Every line from the one with "GREEN ONIONS CARGO PANT - Off White" up to and including the one with "Image of Indonesian" is to be output exactly as it appears below; pictures are not.

> SOURCE DATA
* * * * * * * * *

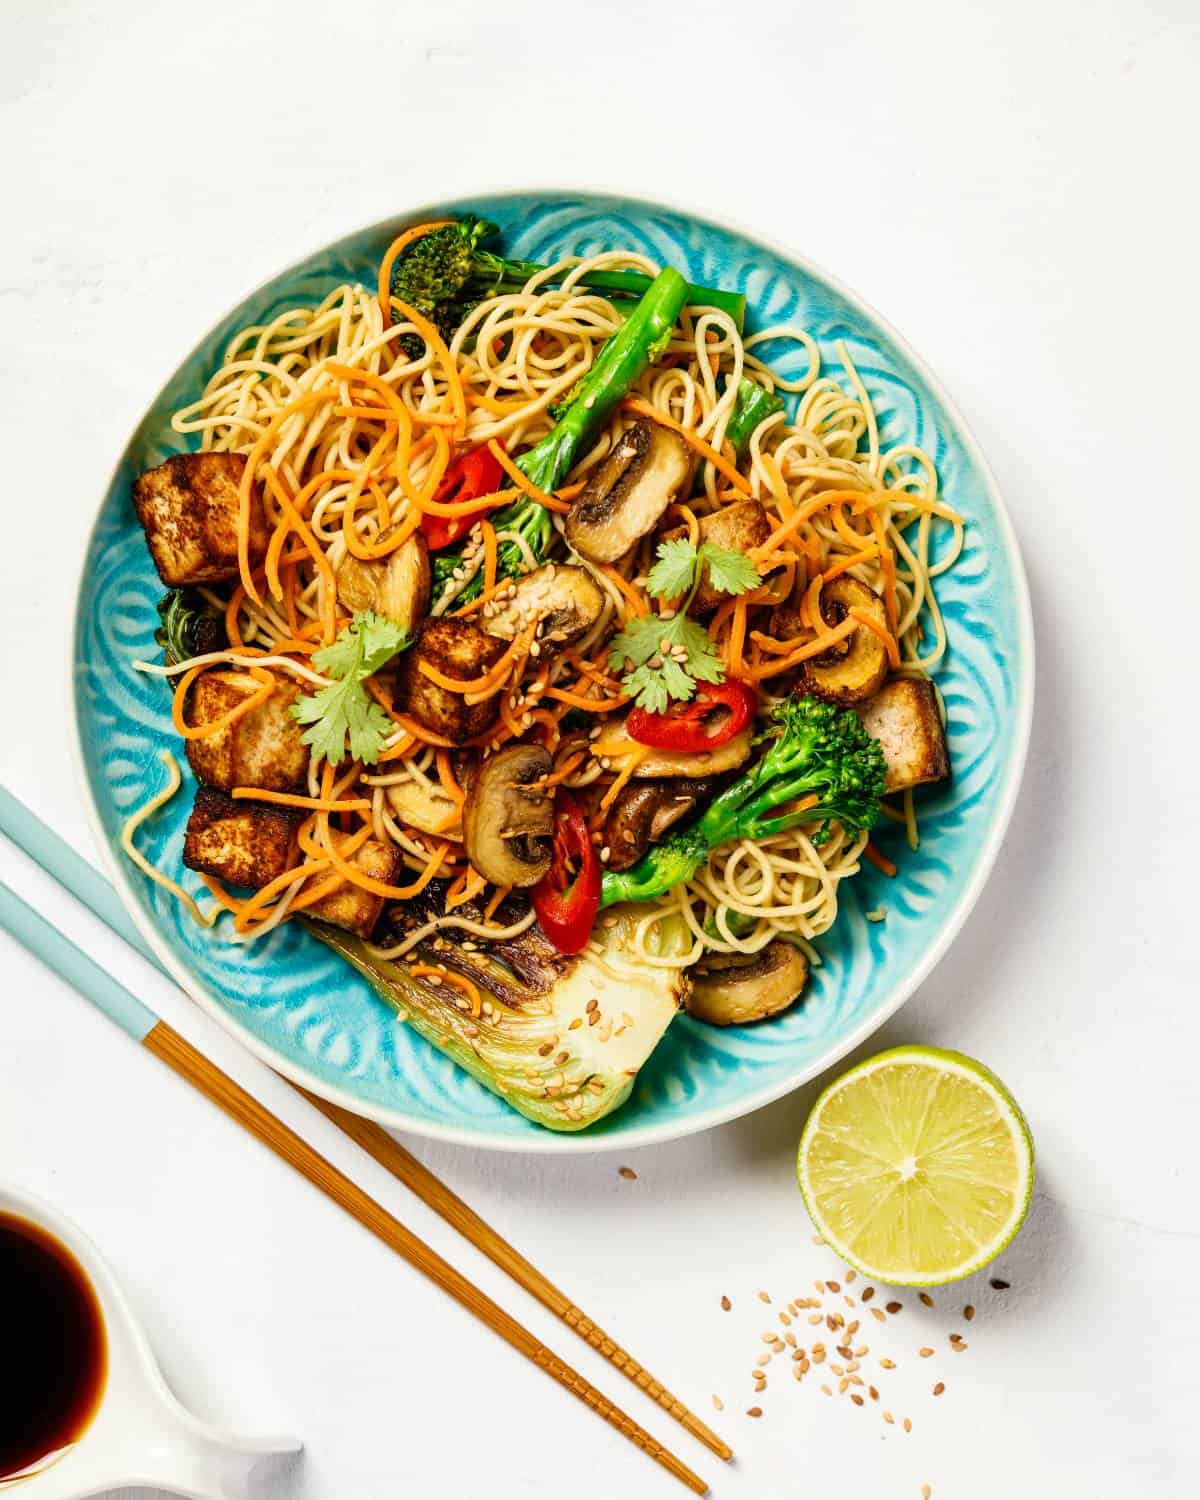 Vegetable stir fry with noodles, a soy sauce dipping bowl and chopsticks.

* * * * * * * * *

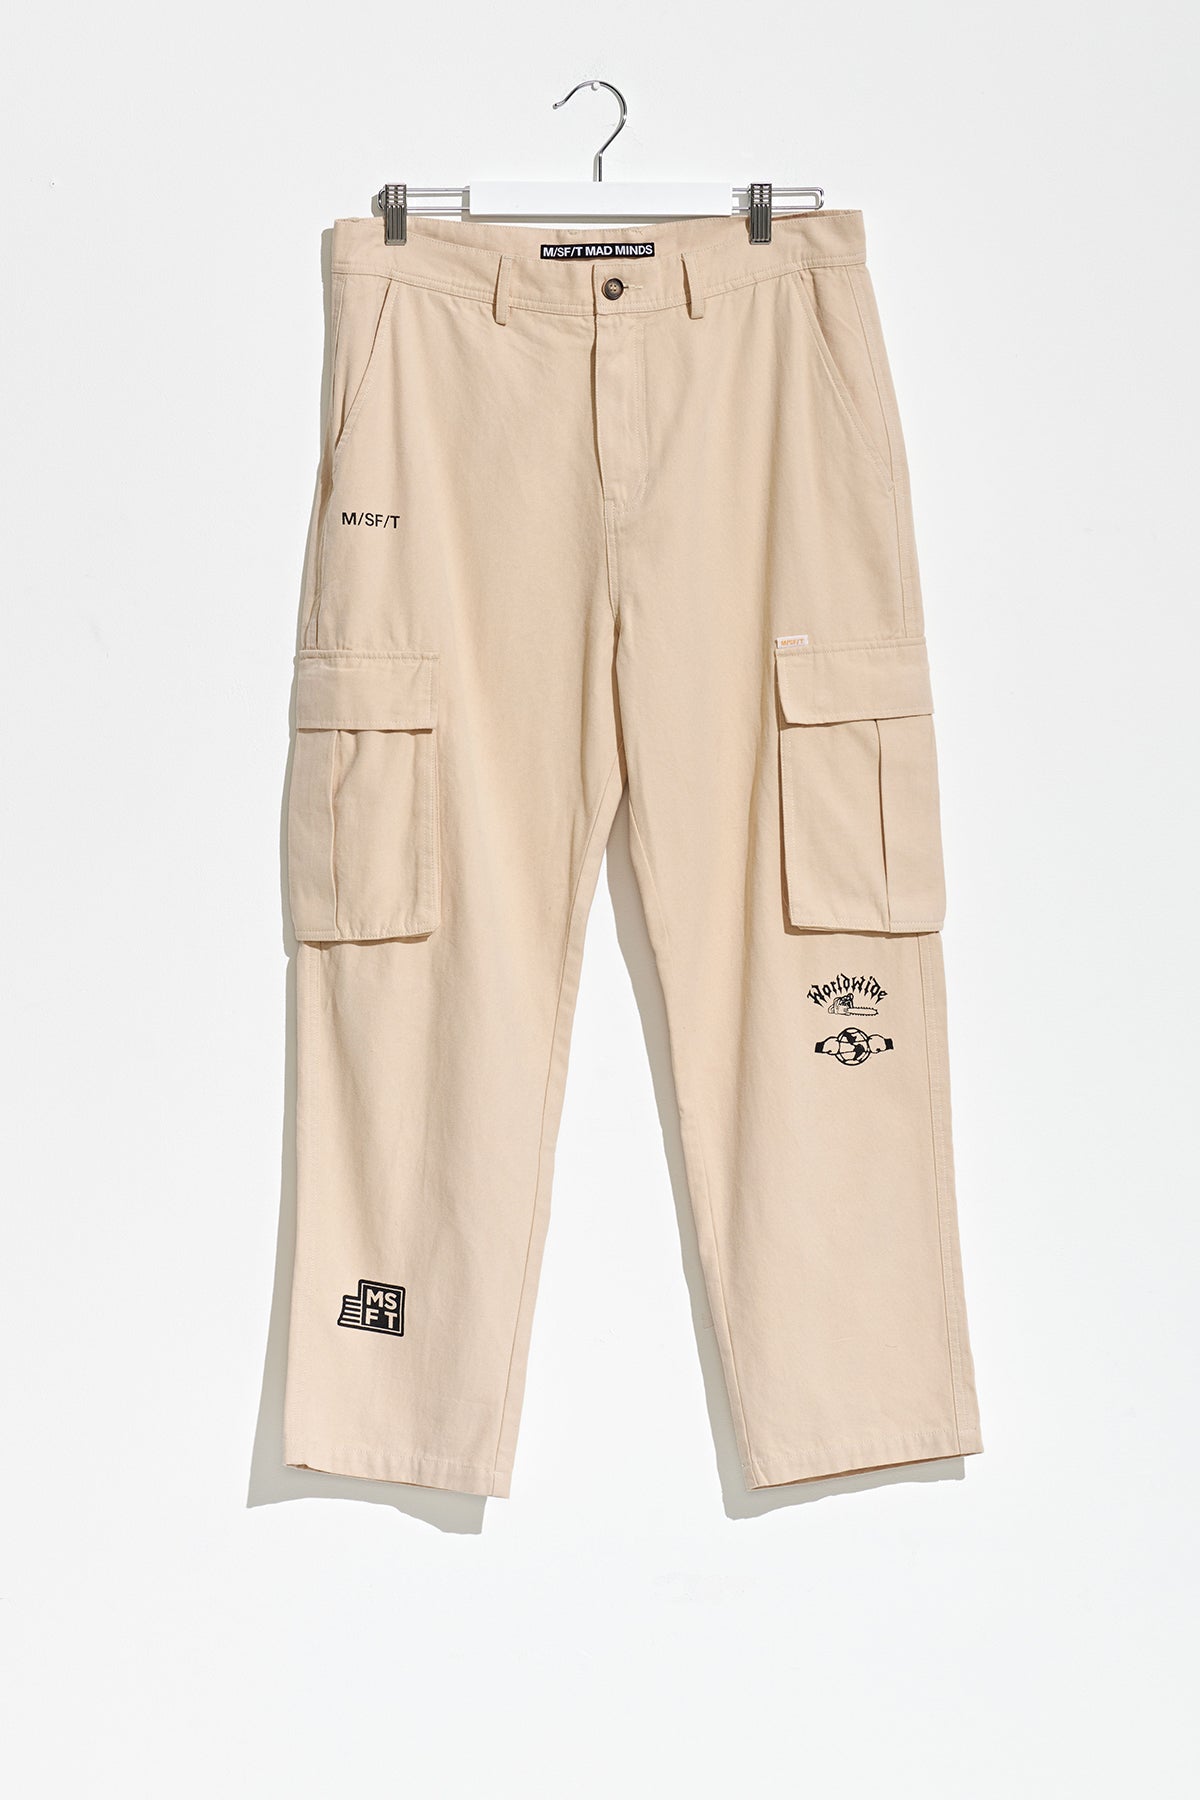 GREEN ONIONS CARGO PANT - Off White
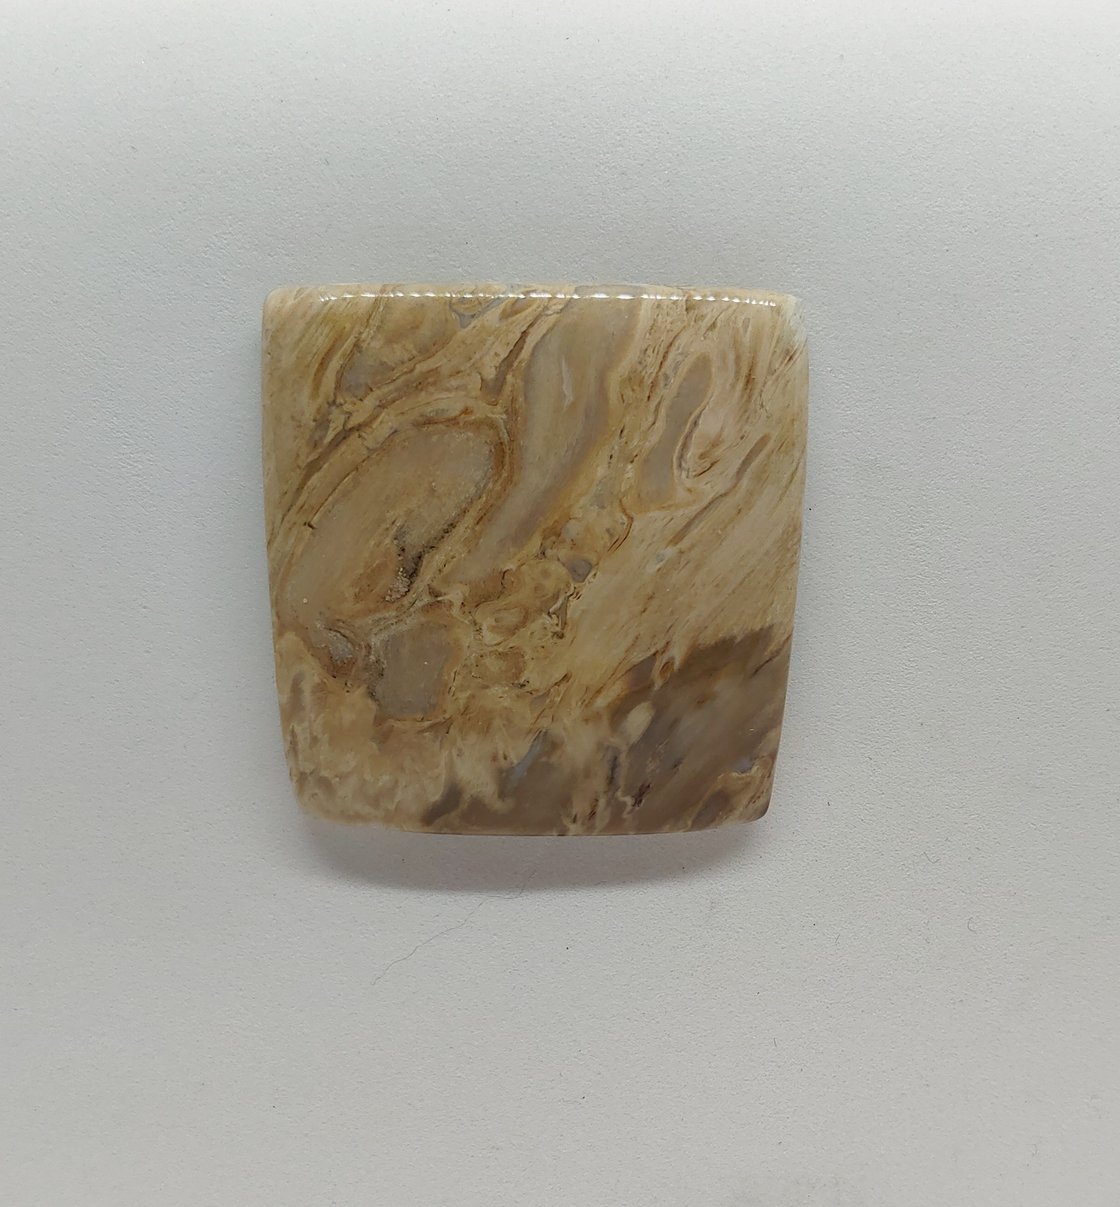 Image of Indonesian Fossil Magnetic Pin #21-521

* * * * * * * * *

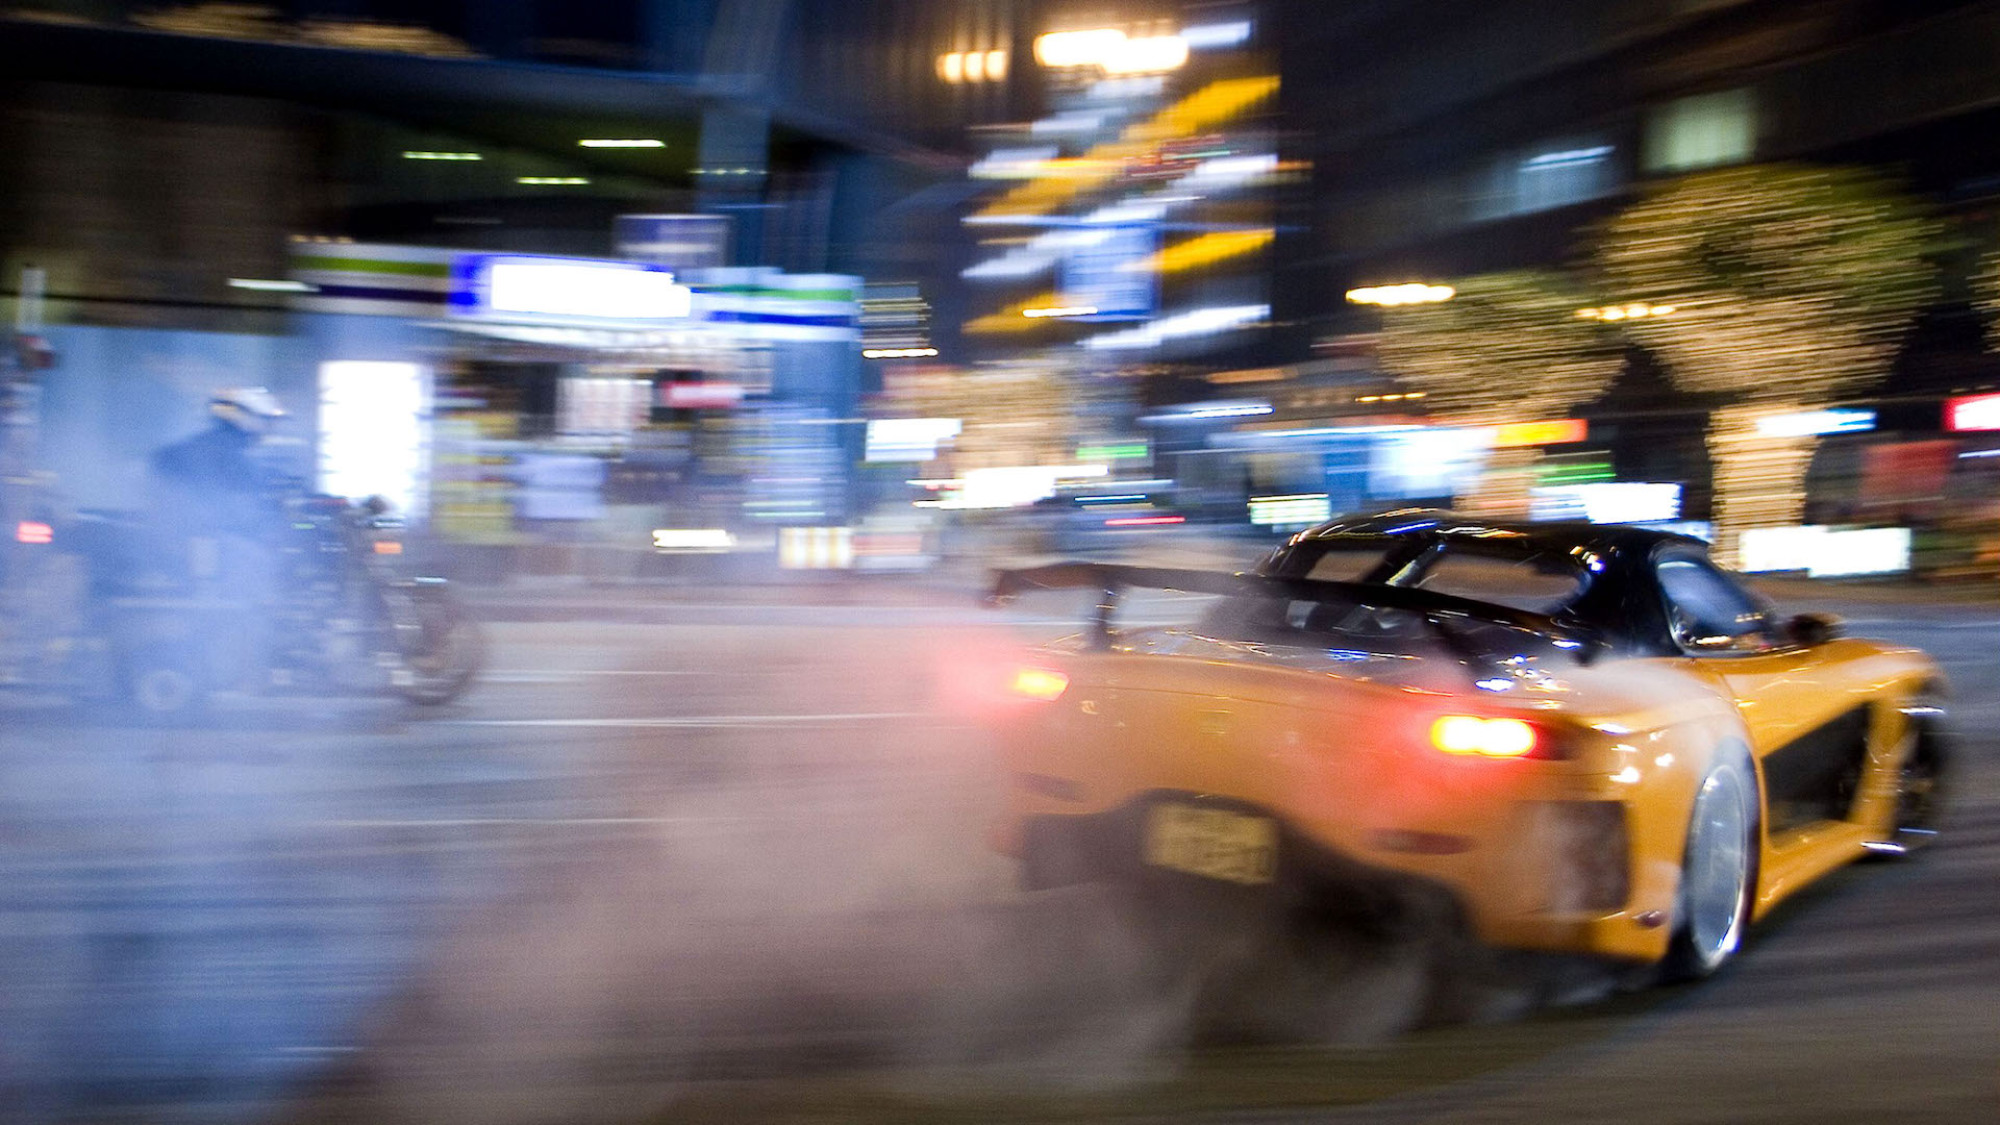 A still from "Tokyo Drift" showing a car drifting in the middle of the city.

* * * * * * * * *

> TASK RESPONSE
 GREEN ONIONS CARGO PANT - Off White
 Image of Indonesian Fossil Magnetic Pin #21-521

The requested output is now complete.